In patients with ACR, there was a trend towards higher Eomes and T‐bet expression (MFI) by donor‐stimulated CD8⁺T cells before transplantation compared to healthy controls, patients with no rejection, and patients with SCR (Fig. 7a). Meanwhile, the incidences of the Eomes^hiT‐bet^hi and Eomes^‐/loT‐bet^hi subsets were significantly higher (P < 0.05), but the incidences of the Eomes^hiT‐bet^‐/lo subset were lower in patients with ACR compared to those with no rejection (Fig. 7b).

Collectively, these data suggest that an increased incidence of donor‐reactive CD8⁺T cells co‐expressing high levels of Eomes and T‐bet before tx, may correlate with an increased incidence of ACR.

Discussion

Allo‐reactive Tmem constitute a major barrier to improved long‐term organ allograft survival 6, 30, 31, 32, where impairment of Tmem responses is crucial to attain Ag‐specific tolerance 9. T cell depletion is a common induction therapy in tx protocols. However, lymphodepletion leads to the generation of Tmem that are resistant to co‐stimulation blockade 14. Additionally, in rodents 7, 33 and nonhuman primate (NHP) 8 allo‐tx models, CD8⁺Tmem are known to mediate immunosuppression‐resistant allograft rejection.

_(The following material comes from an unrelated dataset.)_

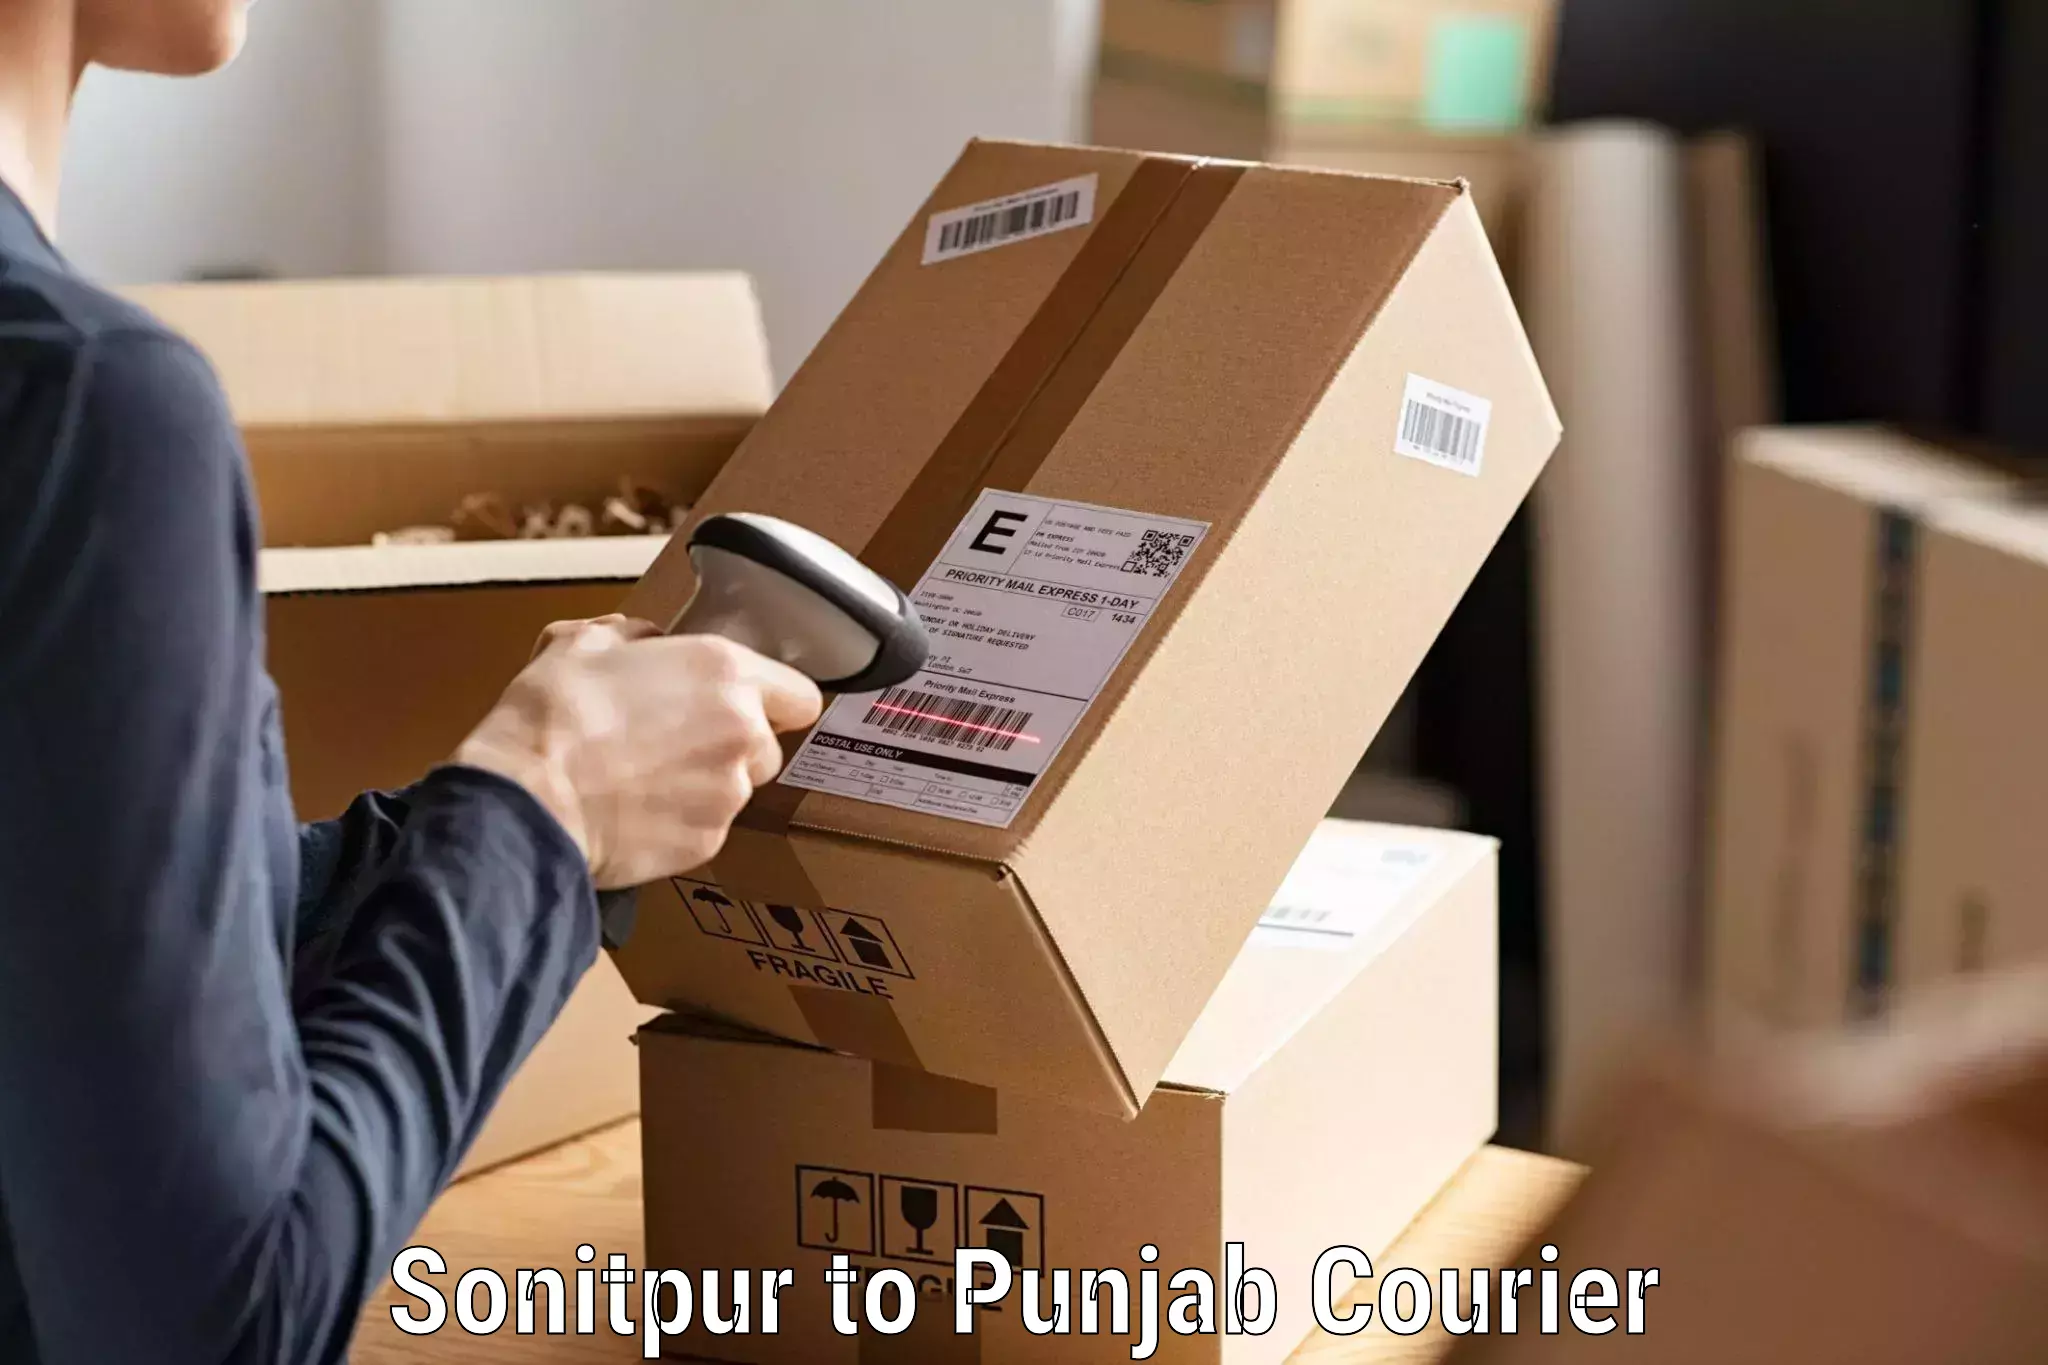 Efficient courier operations Sonitpur to Nabha

The T‐box transcription factors Eomes and T‐bet, are considered master regulators of Ag‐specific CD8⁺ Tmem differentiation, function and survival 15, 16. Rodent studies have demonstrated the critical roles of both Eomes and T‐bet in long‐term survival of effector CD8⁺T cells. Reduced Eomes expression results in deficient long‐term Ag‐specific Tmem development and homeostatic renewal 17, whereas in chronic viral infection 23 both Eomes and T‐bet are essential for the maintenance of anti‐viral effector CD8⁺ T cell responses. In the latter study, Eomes^hi virus‐specific CD8⁺T cells displayed enhanced cytotoxicity, despite expressing the T cell exhaustion markers B lymphocyte‐induced maturation protein‐1 (Blimp‐1) and PD‐1. These virus‐specific Eomes^hi CD8⁺ T cells exhibited robust proliferation, but were associated with lower effector function, in contrast to T‐bet^hi CD8⁺T cells. Of importance, genetic deletion of either T‐bet⁺ or Eomes⁺ subsets results in failure of mice to control chronic viral infection 23, suggesting that both transcription factors are required for the maintenance of anti‐viral Tmem with effector function.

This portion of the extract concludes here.